(Beginning of MATERIAL TO PROCESS)
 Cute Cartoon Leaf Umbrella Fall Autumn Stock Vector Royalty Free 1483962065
(End of MATERIAL TO PROCESS)
(Beginning of MATERIAL TO PROCESS)
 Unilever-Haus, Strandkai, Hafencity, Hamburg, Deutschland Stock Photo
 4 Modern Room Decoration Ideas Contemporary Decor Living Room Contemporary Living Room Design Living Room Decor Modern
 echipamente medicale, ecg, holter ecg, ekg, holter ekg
(End of MATERIAL TO PROCESS)
(Beginning of MATERIAL TO PROCESS)
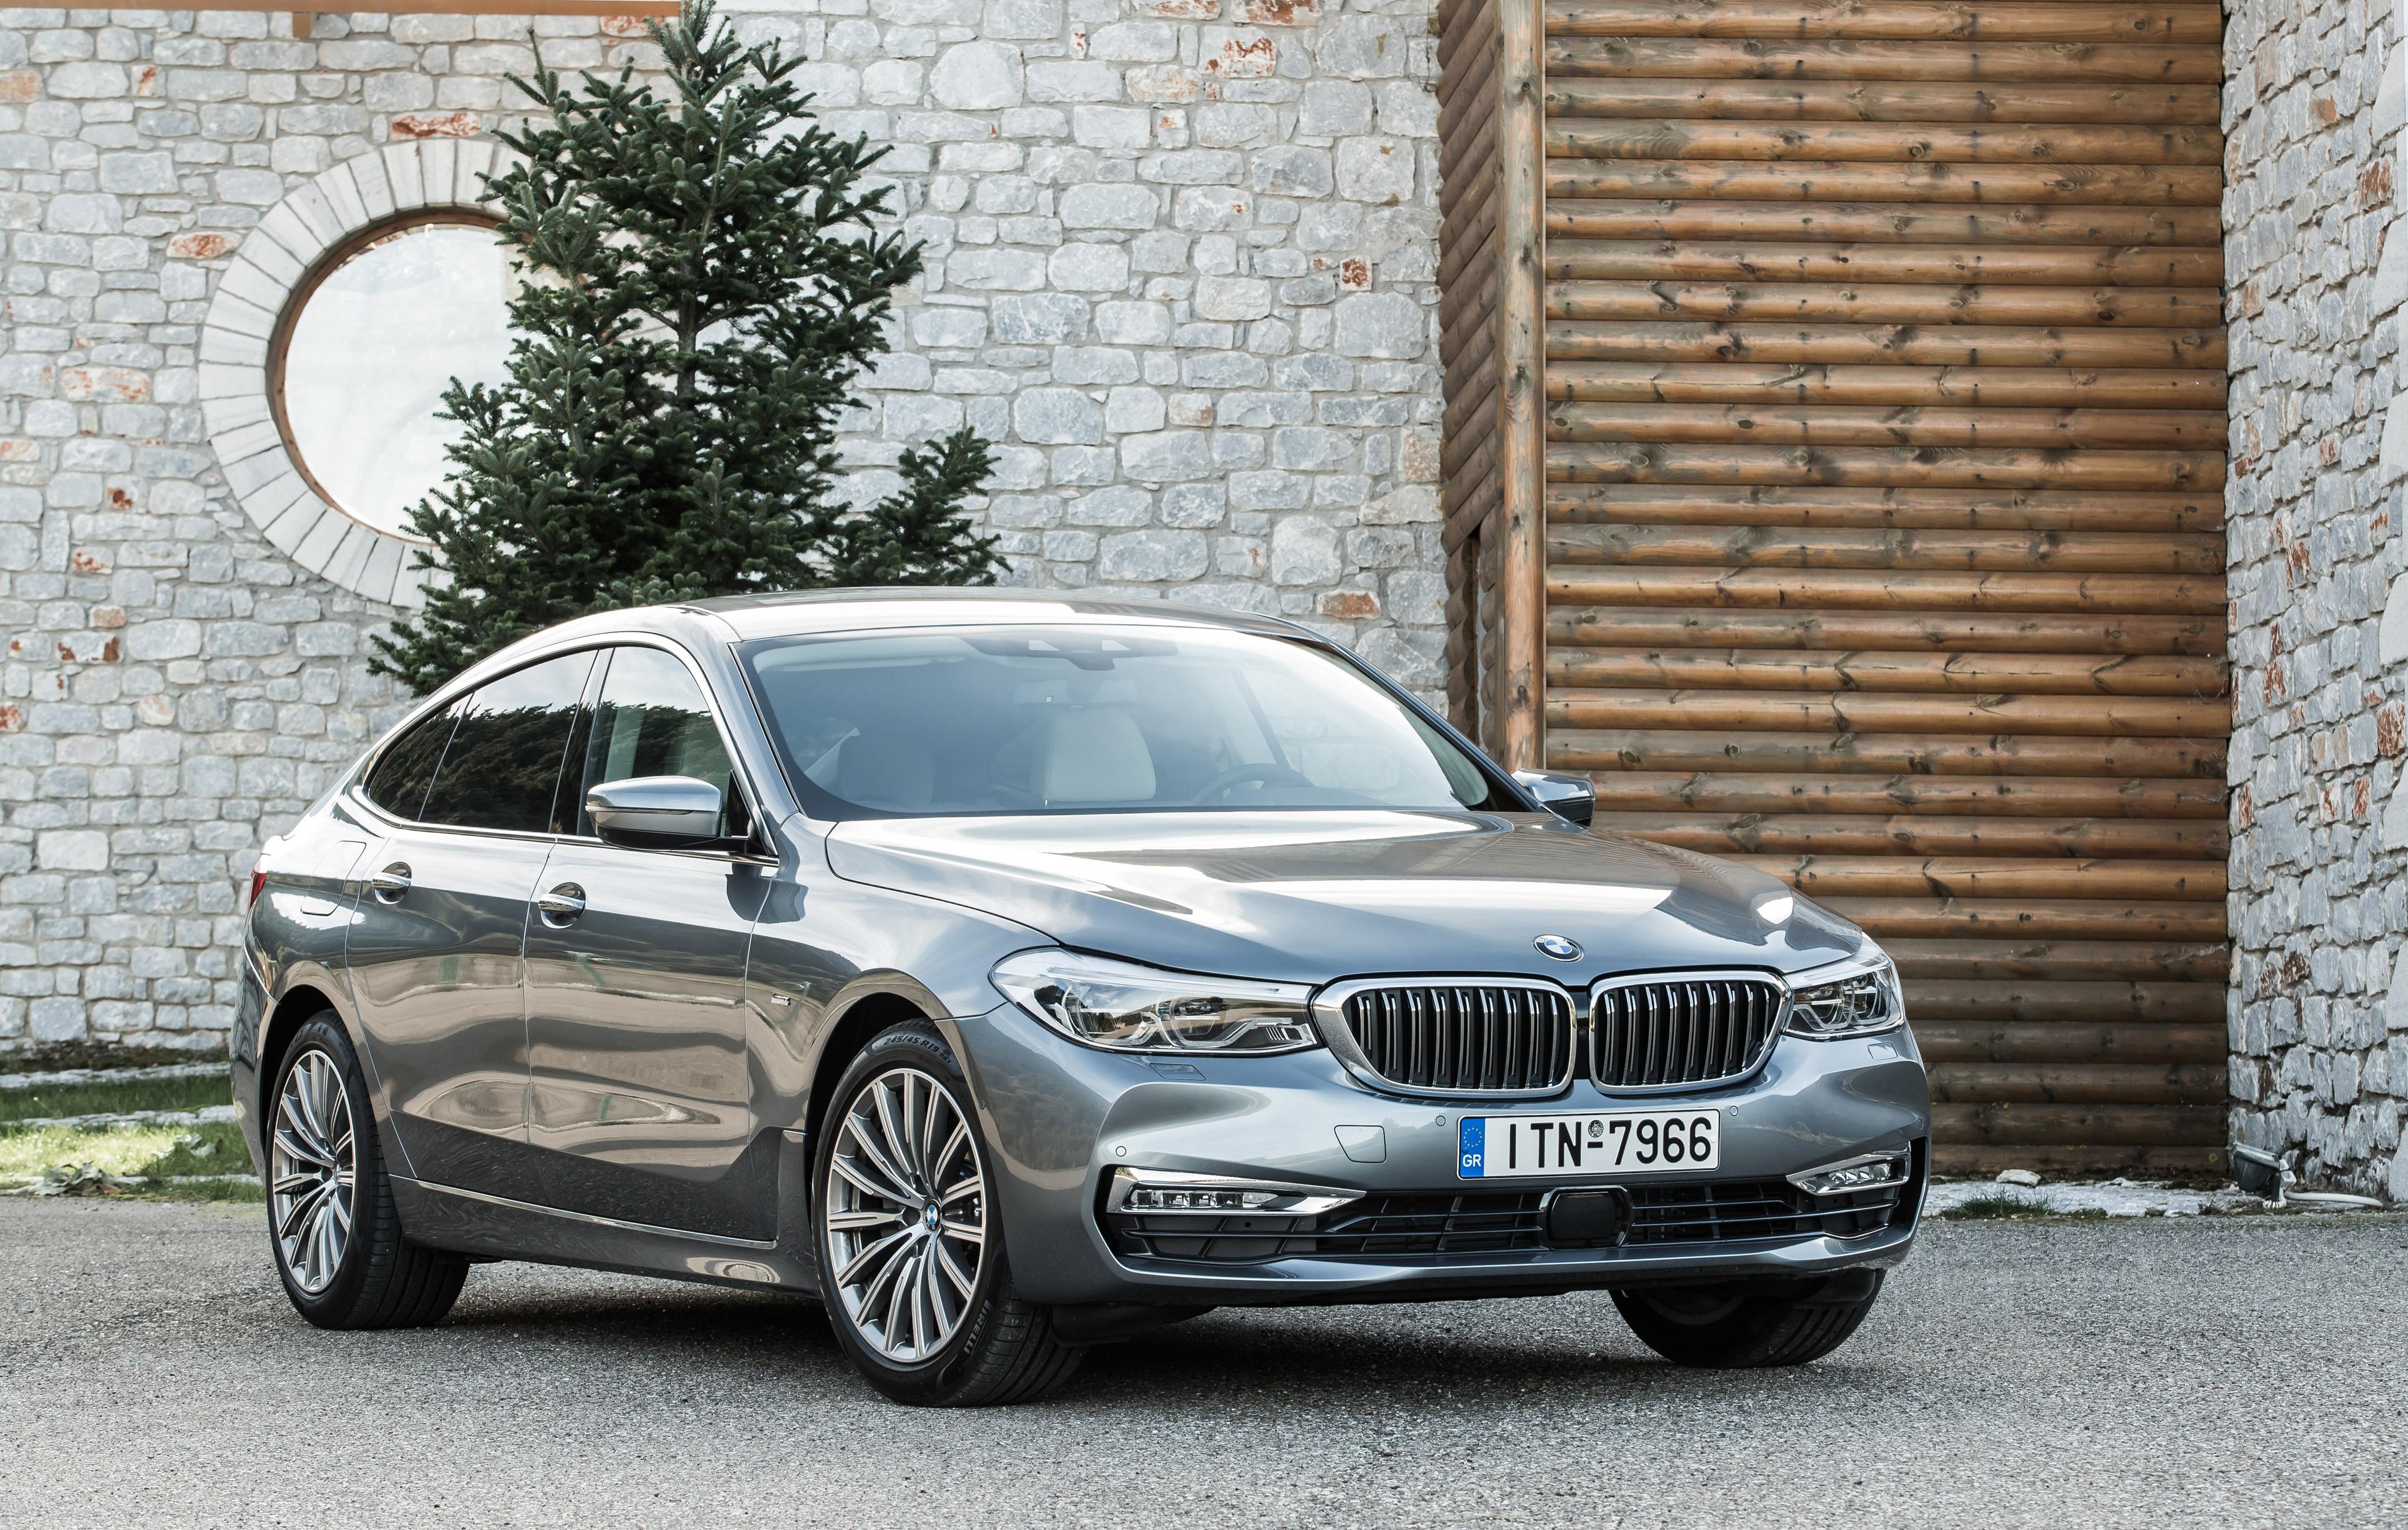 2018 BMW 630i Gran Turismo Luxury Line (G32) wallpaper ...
(End of MATERIAL TO PROCESS)
• [DIRECTIONS]
Scan the material and collect every line that contains "Stock".

• [TASK RESULT]
 Cute Cartoon Leaf Umbrella Fall Autumn Stock Vector Royalty Free 1483962065
 Unilever-Haus, Strandkai, Hafencity, Hamburg, Deutschland Stock Photo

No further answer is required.